*Assignment*: Find the line containing "アークスタイル サングラス ミラーレンズ" in the material below, then please transcribe it and each line after it exactly, without the pictures.

*Data segment*:

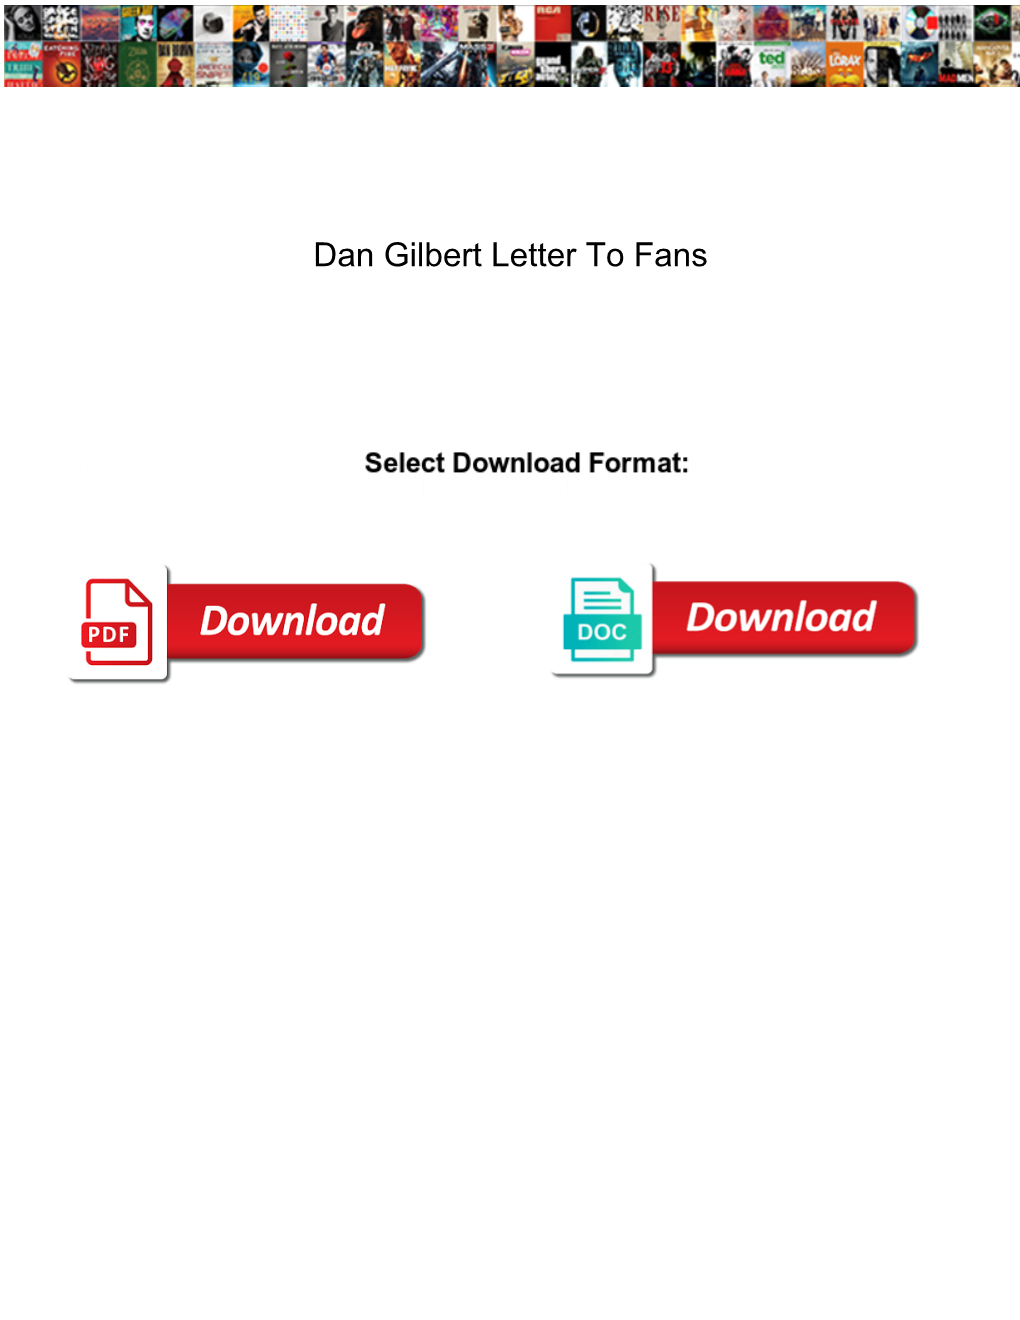 Dan Gilbert Letter to Fans
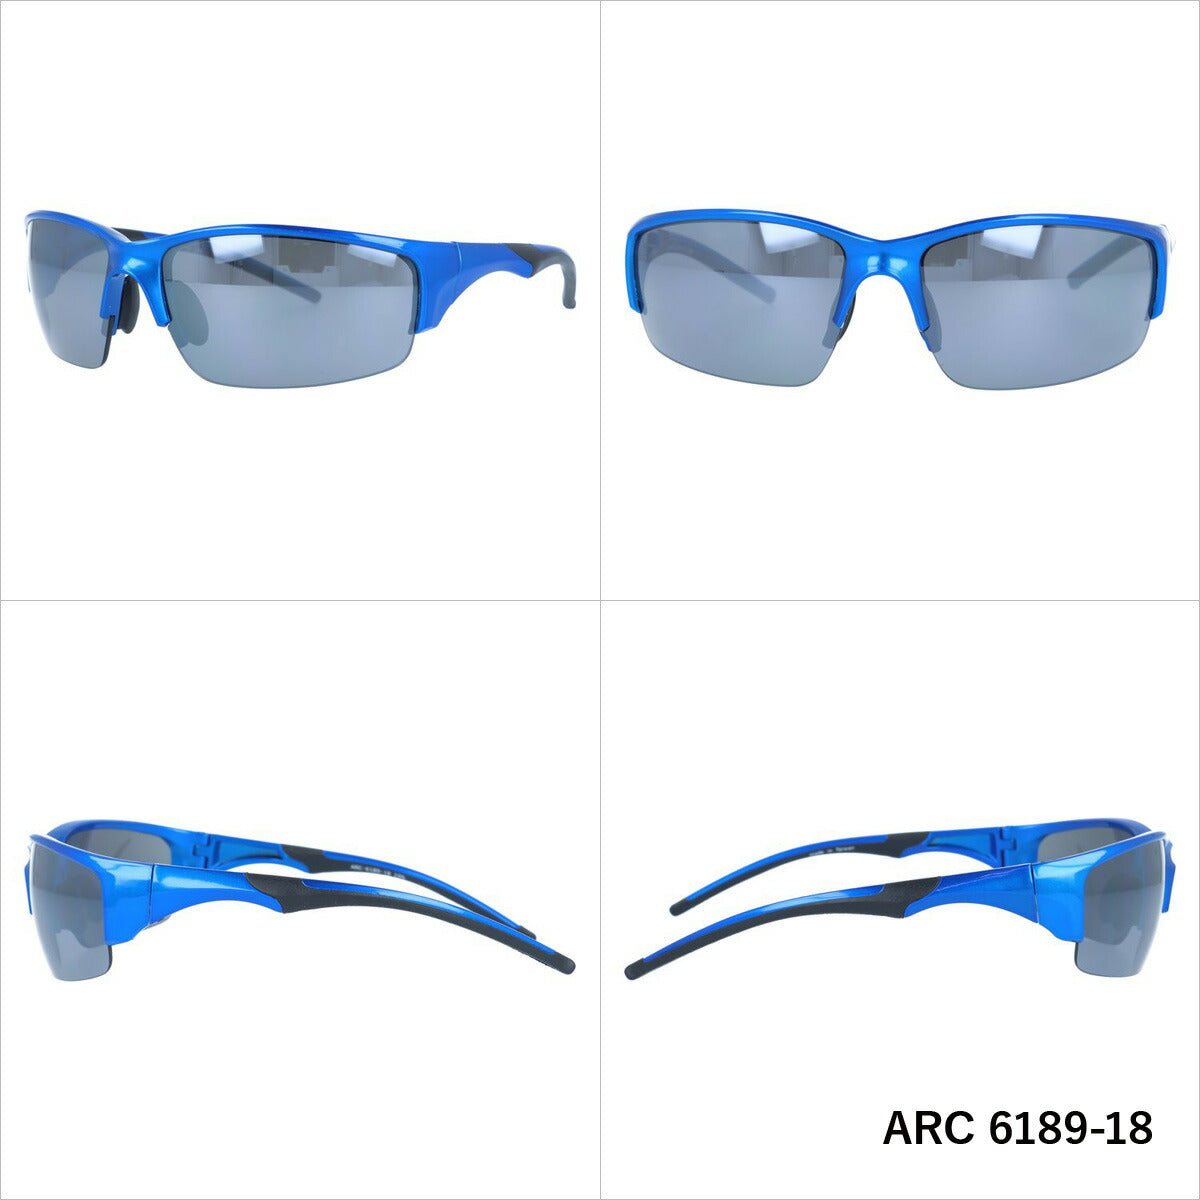 アークスタイル サングラス ミラーレンズ アジアンフィット ARC Style ARC 6189 全2カラー 60サイズ スポーツ メンズ レディース 紫外線対策 UVカット おしゃれ プレゼント ギフト
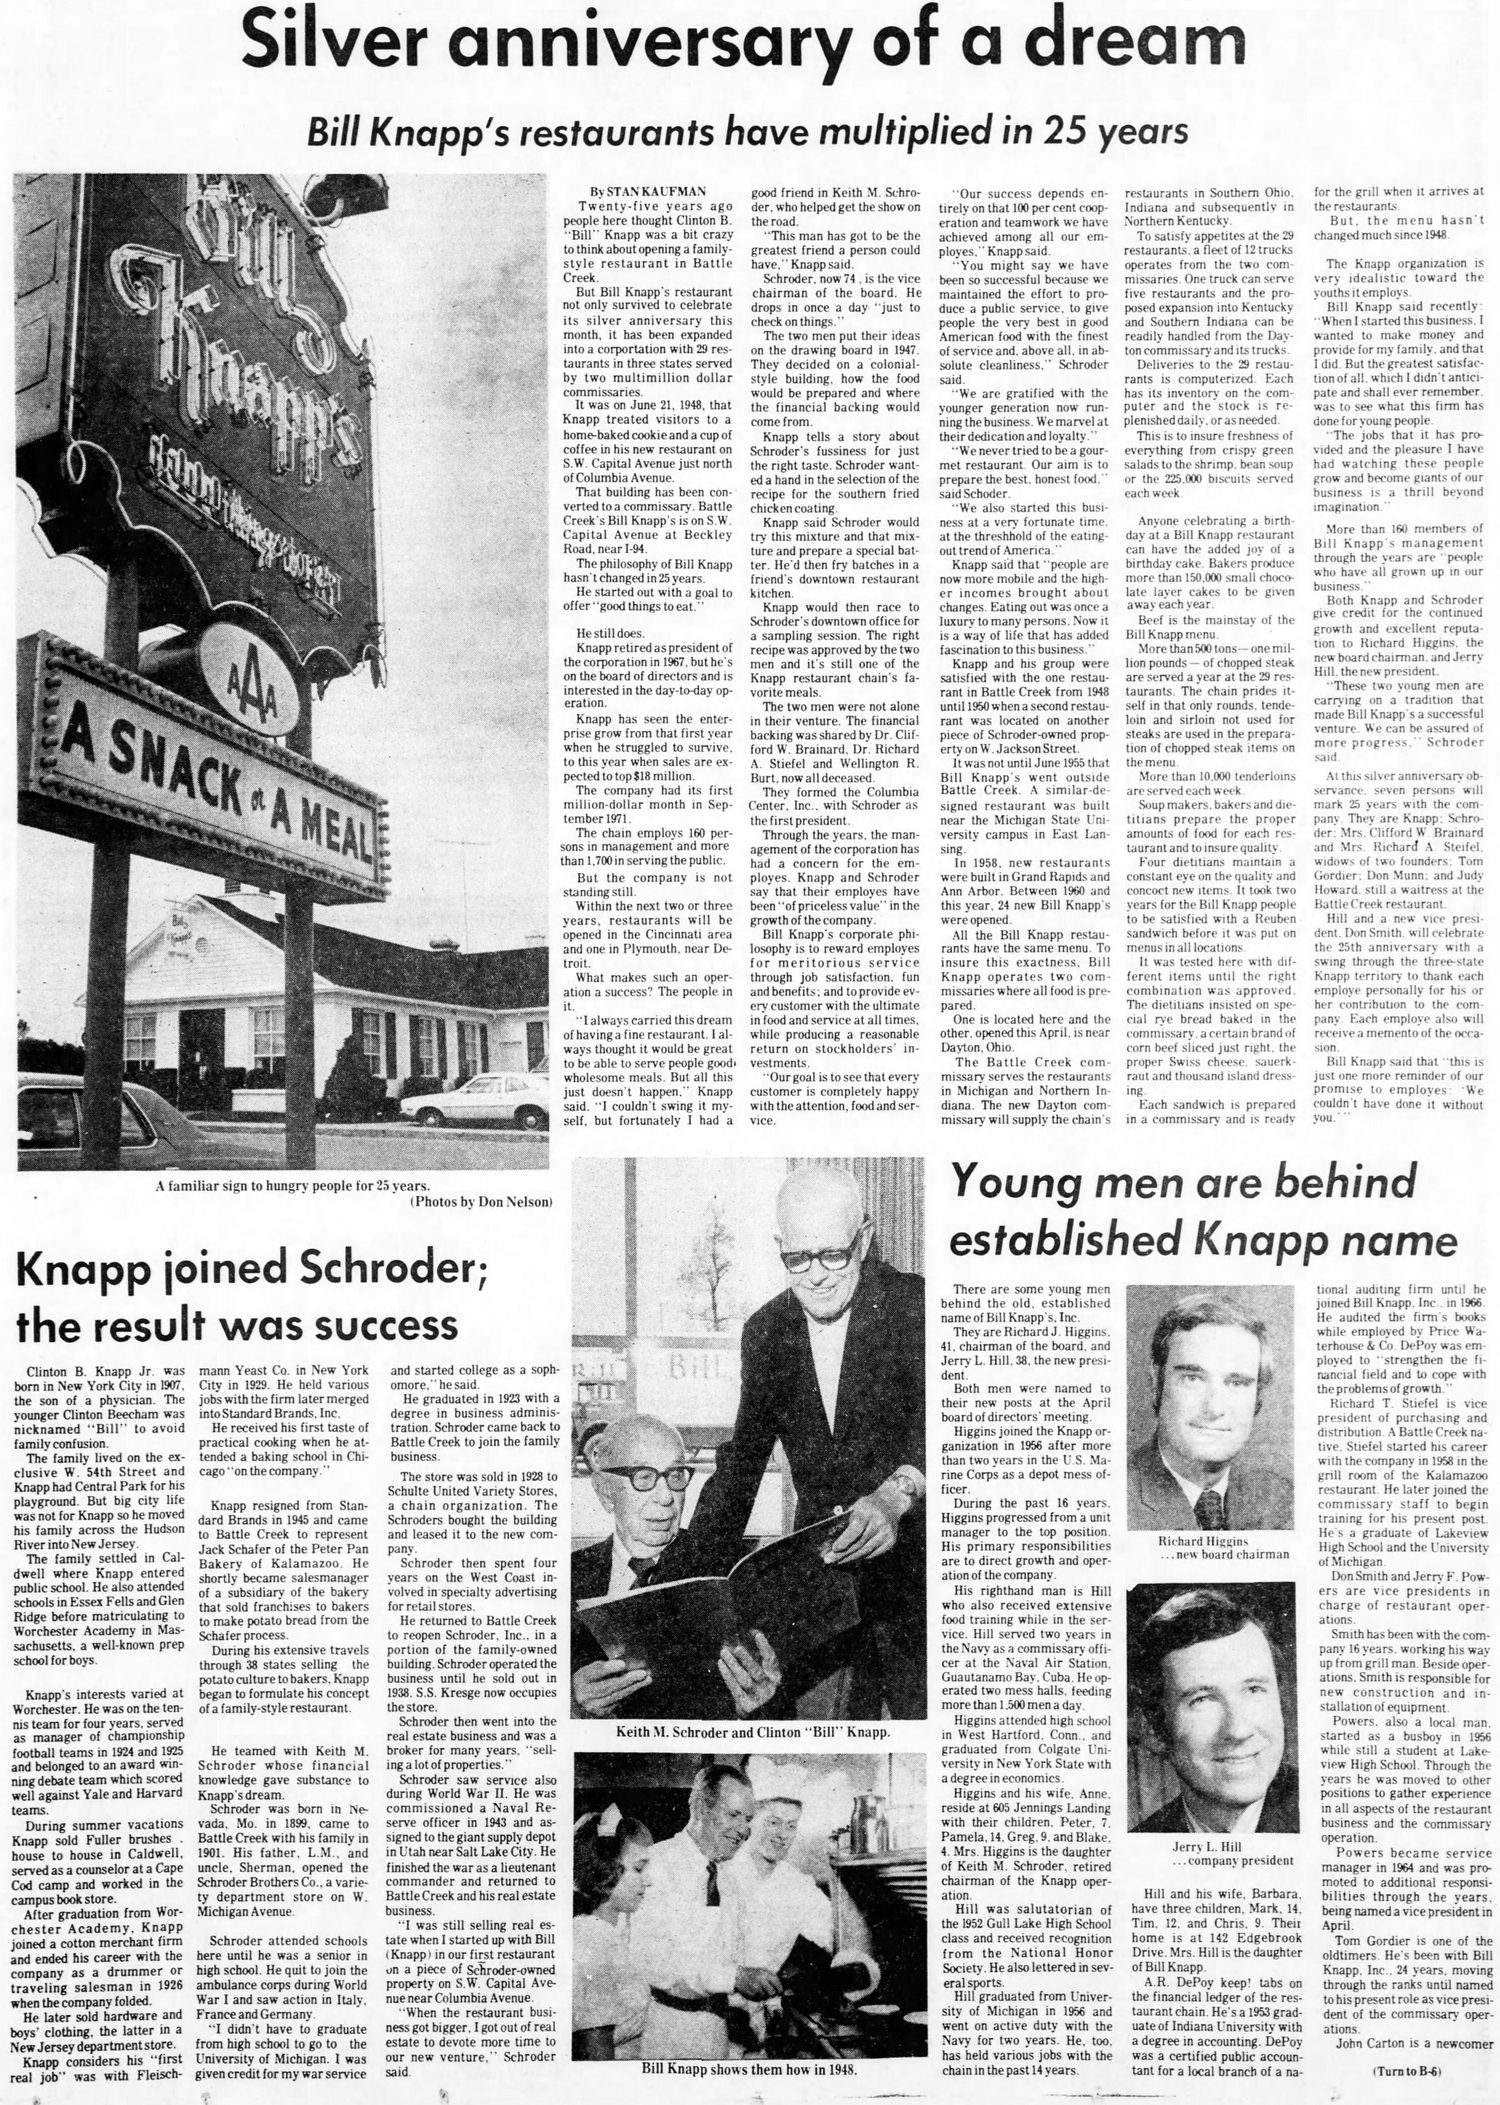 Bill Knapps - Jun 24 1973 Feature Article

*Solution*:
 アークスタイル サングラス ミラーレンズ アジアンフィット ARC Style ARC 6189 全2カラー 60サイズ スポーツ メンズ レディース 紫外線対策 UVカット おしゃれ プレゼント ギフト
 Bill Knapps - Jun 24 1973 Feature Article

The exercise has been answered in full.